** TASK STATEMENT **
The listing below should be printed exactly, every line of it. Skip the pictures.
──────── GIVEN DATA
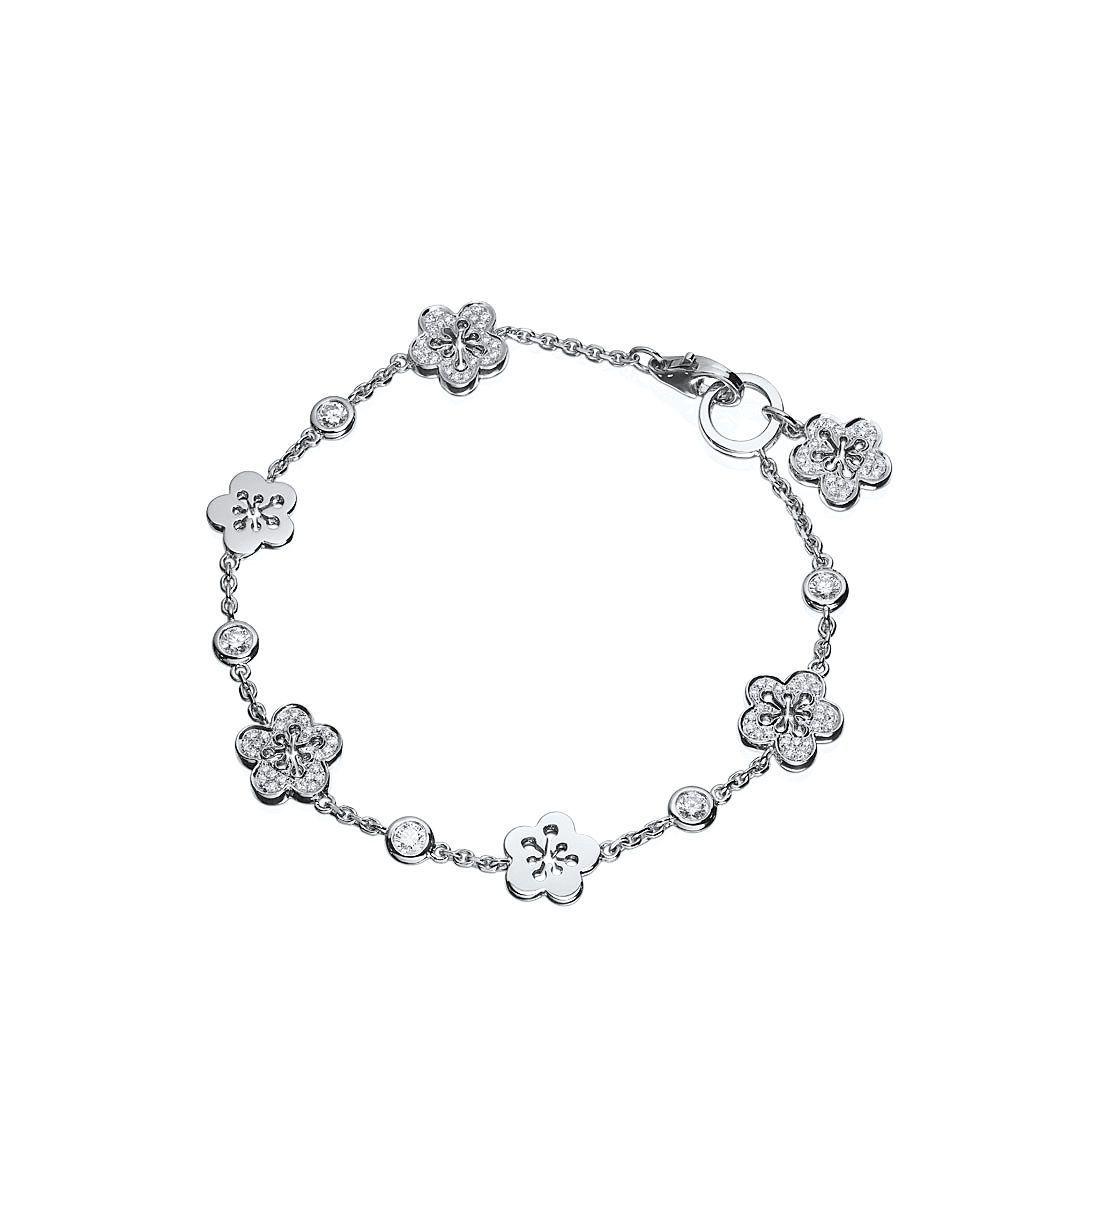 A charming white gold diamond charm bracelet from boodlesu blossom
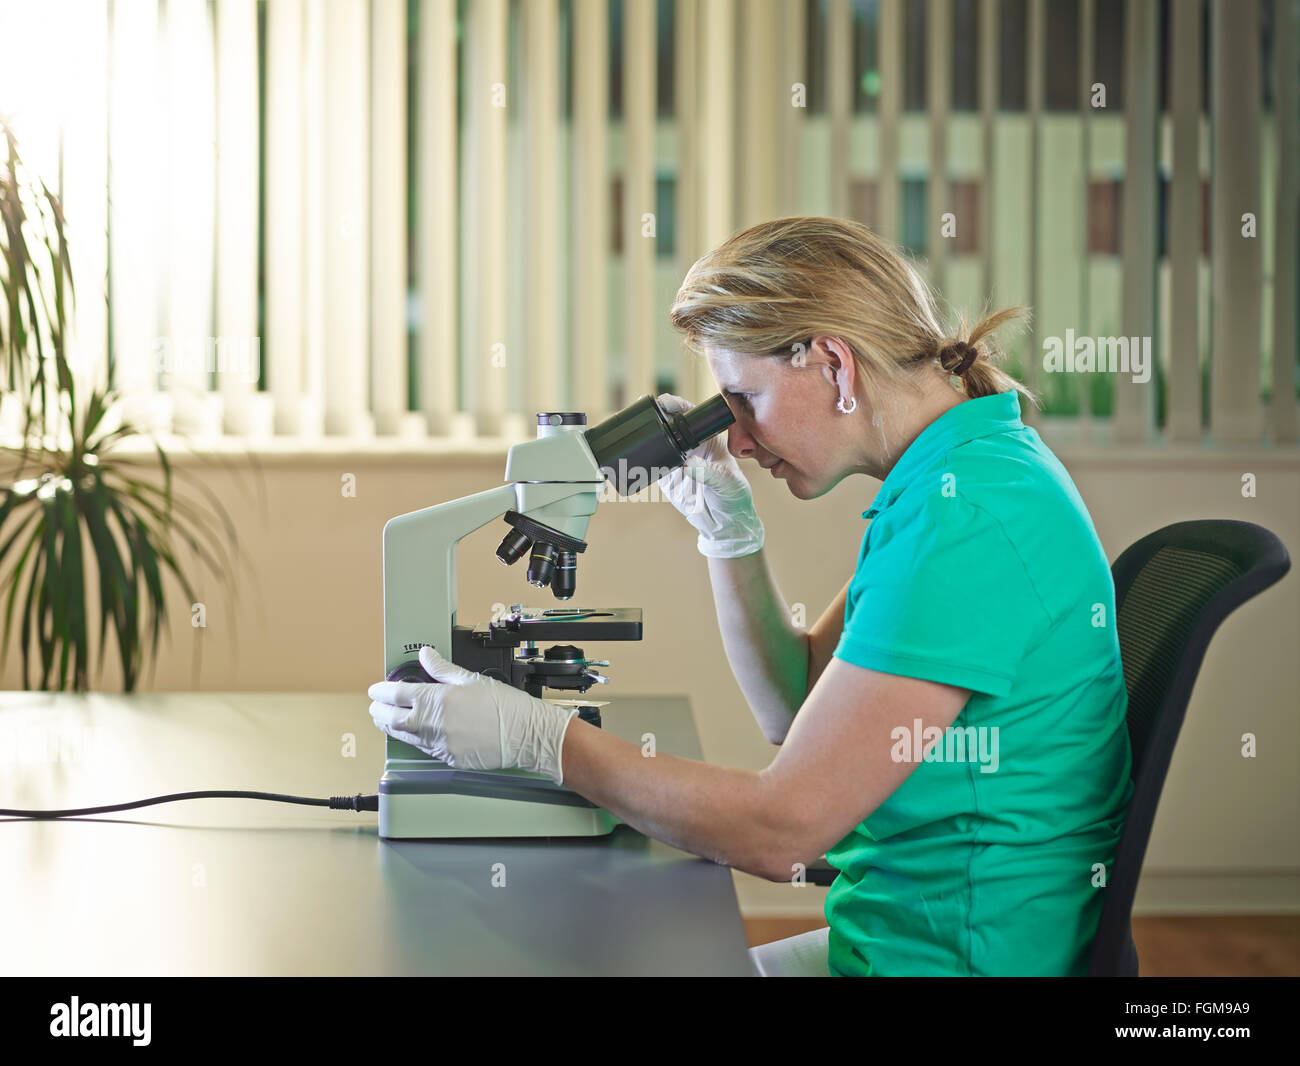 Nurse, doctor looking through microscope, Austria - Stock Image
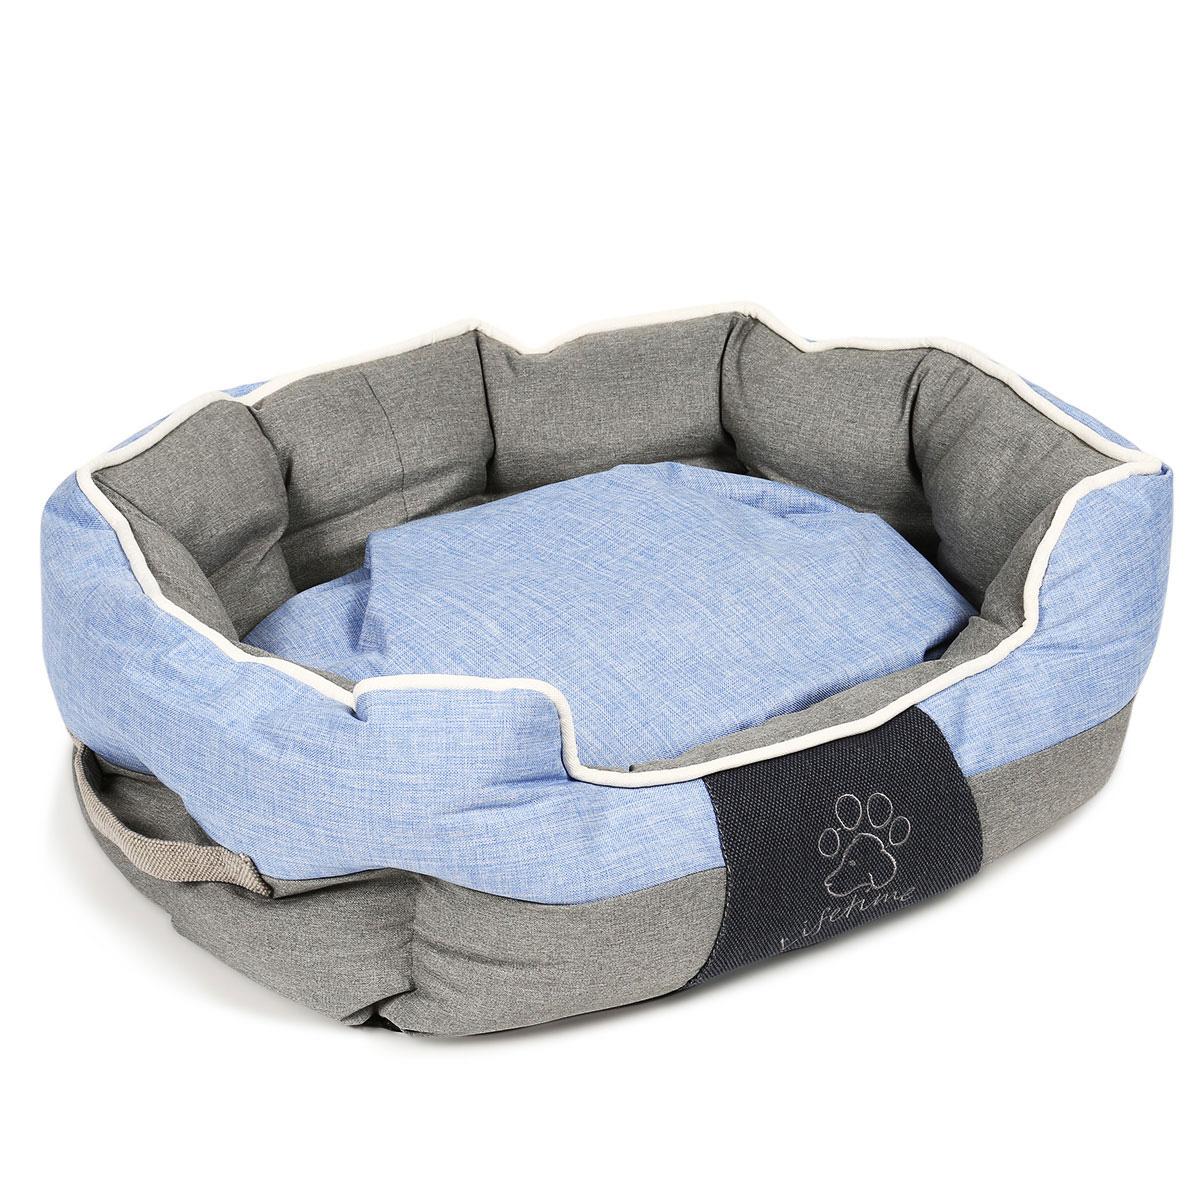 trixie bett joris grau blau g nstig kaufen bei zooroyal. Black Bedroom Furniture Sets. Home Design Ideas
────────────────
** SOLUTION **
 A charming white gold diamond charm bracelet from boodlesu blossom
 Nurse, doctor looking through microscope, Austria - Stock Image
 trixie bett joris grau blau g nstig kaufen bei zooroyal. Black Bedroom Furniture Sets. Home Design Ideas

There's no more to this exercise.